We note that, for a scheme of first order of approximation, the conditions

\[ A[1]=1,\qquad B[1]=1,\qquad B[s]-A[s]=1, \]

must be satisfied, while for a scheme of second order of approximation the conditions are

\[ A[1]=1,\qquad B[1]=1,\qquad A[s]=-0.5,\qquad B[s]=0.5,\qquad A[s^2]=B[s^2]. \]

Lemma 3. If a canonical scheme of first order of approximation is symmetric, then it has second order of approximation.

§ 6. The requirement that \(L_h^{(p)}\) be defined in \(Q_m(p)\) means that \(A_i\ne 0\), \(B_i\ne 0\) at no point of the difference grid for any function \(p\in Q_m\). These conditions will be fulfilled if the functionals \(A\) and \(B\) are positive \(\bigl(A[\bar p]>0,\ B[\bar p]>0\) for \(\bar p(s)>0\bigr)\) (see (2)).

If the canonical scheme \(L_h^{(p)}\) is symmetric and the functionals \(A[\bar p(s)]\), \(B[\bar p(s)]\) are positive, then such a difference scheme is called normal. In what follows we shall consider normal schemes.

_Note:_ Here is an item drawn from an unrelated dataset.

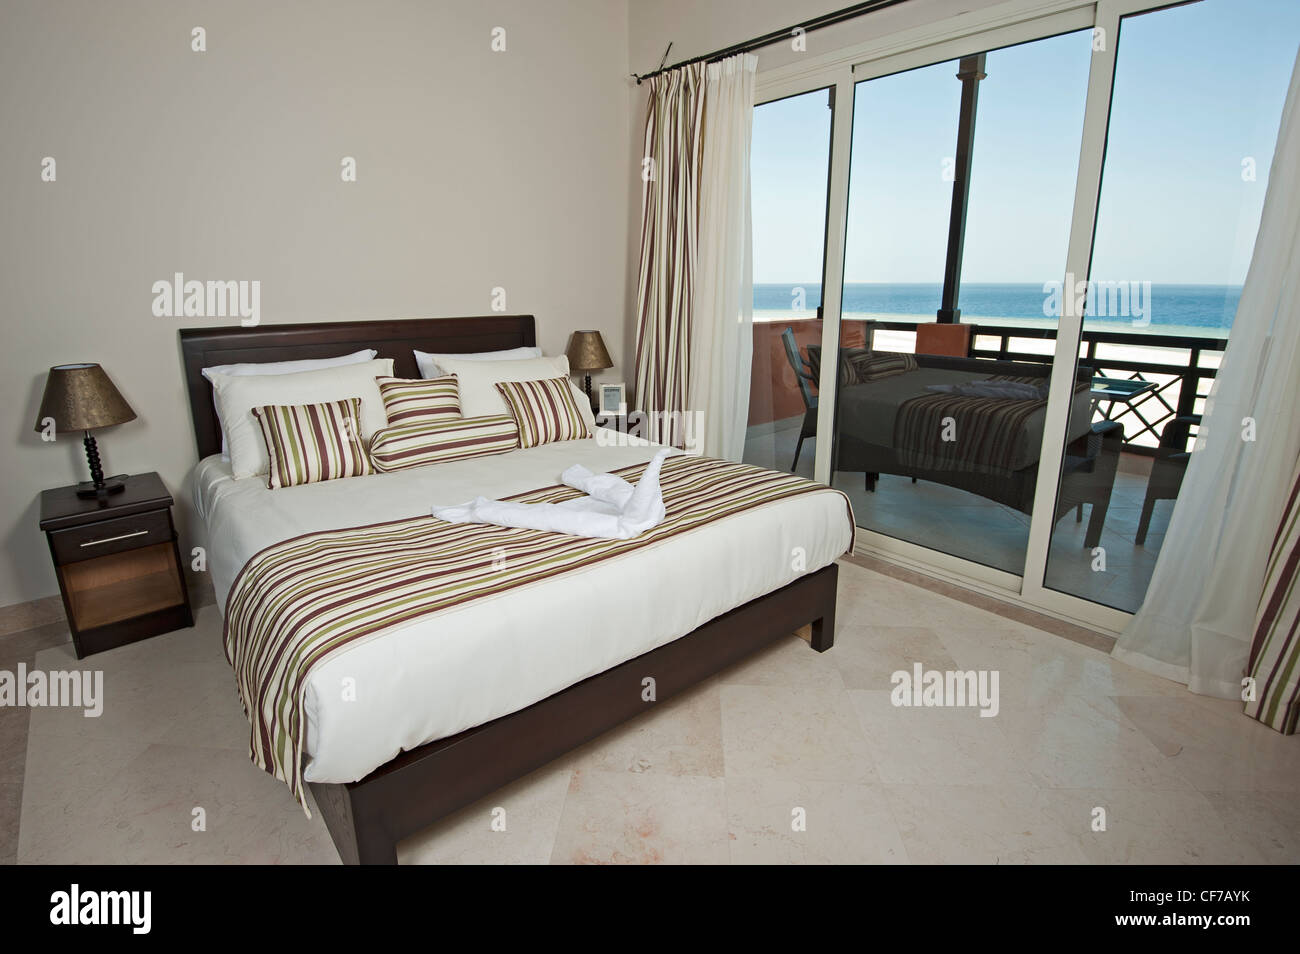 Bedroom on a luxury apartment with a tropical sea view Stock Photo

The relation between the order of approximation and the order of accuracy is established by the following theorem:

Theorem. Convergence of a normal difference scheme in the sense of approximation is necessary and sufficient for integral convergence; more precisely:

1) If a normal scheme converges in \(C_1'(p)\), then it has first order of approximation in \(C_2(p)\) and, by virtue of symmetry, second order of approximation for \(p(x)\in C_3\).

2) If a normal scheme has second order of approximation in \(C_3(p)\), then it converges in \(C_1'(p)\), has first order of accuracy in \(C_2(p)\), and second order of accuracy in \(C_3(p)\).

Questions concerning convergence and the order of accuracy of normal difference schemes in the class \(Q_m(p)\) will be considered separately.

REFERENCES CITED

¹ A. N. Tikhonov, A. A. Samarskii, DAN, 108, No. 3 (1956).
² A. N. Tikhonov, A. A. Samarskii, DAN, 122, No. 2 (1958).